Ryan looked up. “Leary was married at the time, but none of the police reports mention his wife.”
Two days later he shot and killed Eugene Bailey, a known dope dealer who Leary believed was fooling around with Thelma Simpson. Leary’s attorney, at the trial, called in V.A. hospital psychiatrists to testify. Leary was
declared insane and sent to the state hospital at Northville. Within six months he was judged to be normal and released.
Leary was arrested for armed robbery-charged, along with two others, with the holdup of a savings and loan company-then acquitted when the witnesses, in court, changed their previous testimony and could not make a positive identification of Leary.
Leary was arrested for the attempted murder of Ronnie J. Hughes in a dope pad on Orchestra Place and released on bond. A week later Ronnie J. Hughes was killed in front of a bar on Twelfth Street by an unknown assailant. Three days later the two men who had witnessed the dope-pad shooting were found at the foot of Twenty-third Street near the river; both had been bound and shot through the head at close range.
Leary walked into the Veterans Administration Hospital in Allen Park claiming to be the President of the United States. A week later he checked into the Battle Creek V.A. hospital and remained under observation five days.
Leary shot and severely wounded a man in a bar on Cass Avenue over a ten-dollar gambling debt. The charge was reduced to felonious assault, and Leary was sent to Jackson to serve a three and a half to four. His lawyer appealed, basing his case on Leary’s history of mental illness, and he was transferred to the Ionia State Hospital. Three months later he was released.

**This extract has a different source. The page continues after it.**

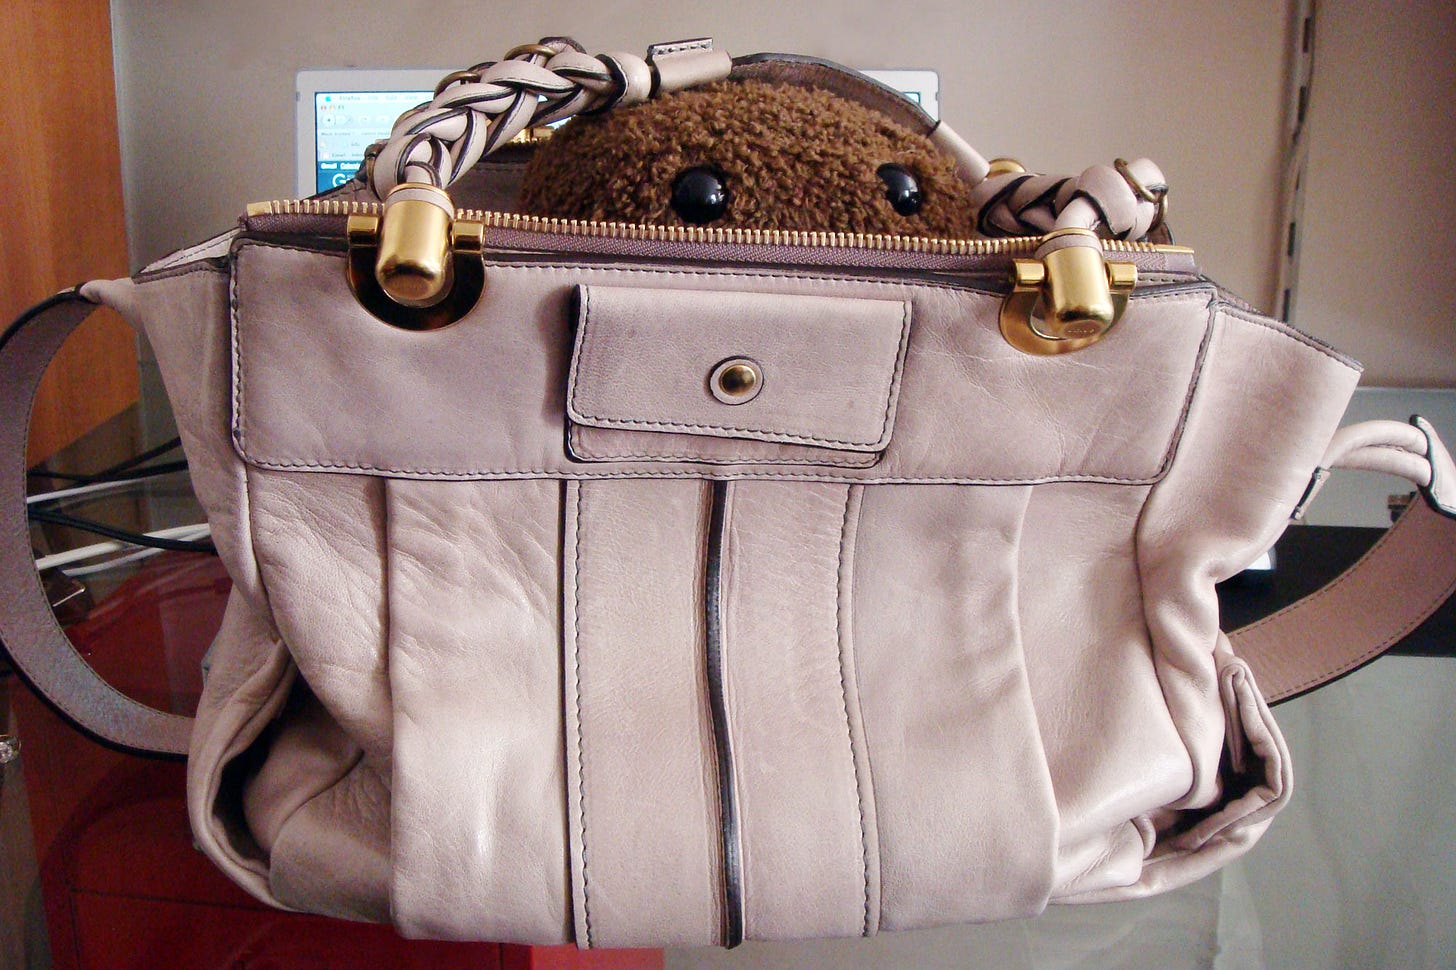 Stuffed Domokun in a designer handbag

Leary shot and killed a man by the name of Teddy “Too Much” Smith in his white Eldorado while Teddy Smith’s three-year-old son, sitting in the front seat, watched.
A police informant who knew Leary said, “Bobby told me one time he never had to worry about going to jail for very long on account he had a act he put on.” The man pointed to his head.
Leary told a state psychiatrist he had probably killed twenty people. Following the shooting of Teddy Smith, he gave the police the names of ten victims after he was promised immunity from prosecution. The police believed he was telling the truth about eight of the victims and closed those cases. Most of the victims lived in Leary’s neighborhood and were involved commercially in narcotics. Few, if anybody, would miss them; especially the police. Leary was brought to trial for the murder of Teddy Smith, was again judged insane, and was committed to the state’s Center for Forensic Psychiatry at Ypsilanti.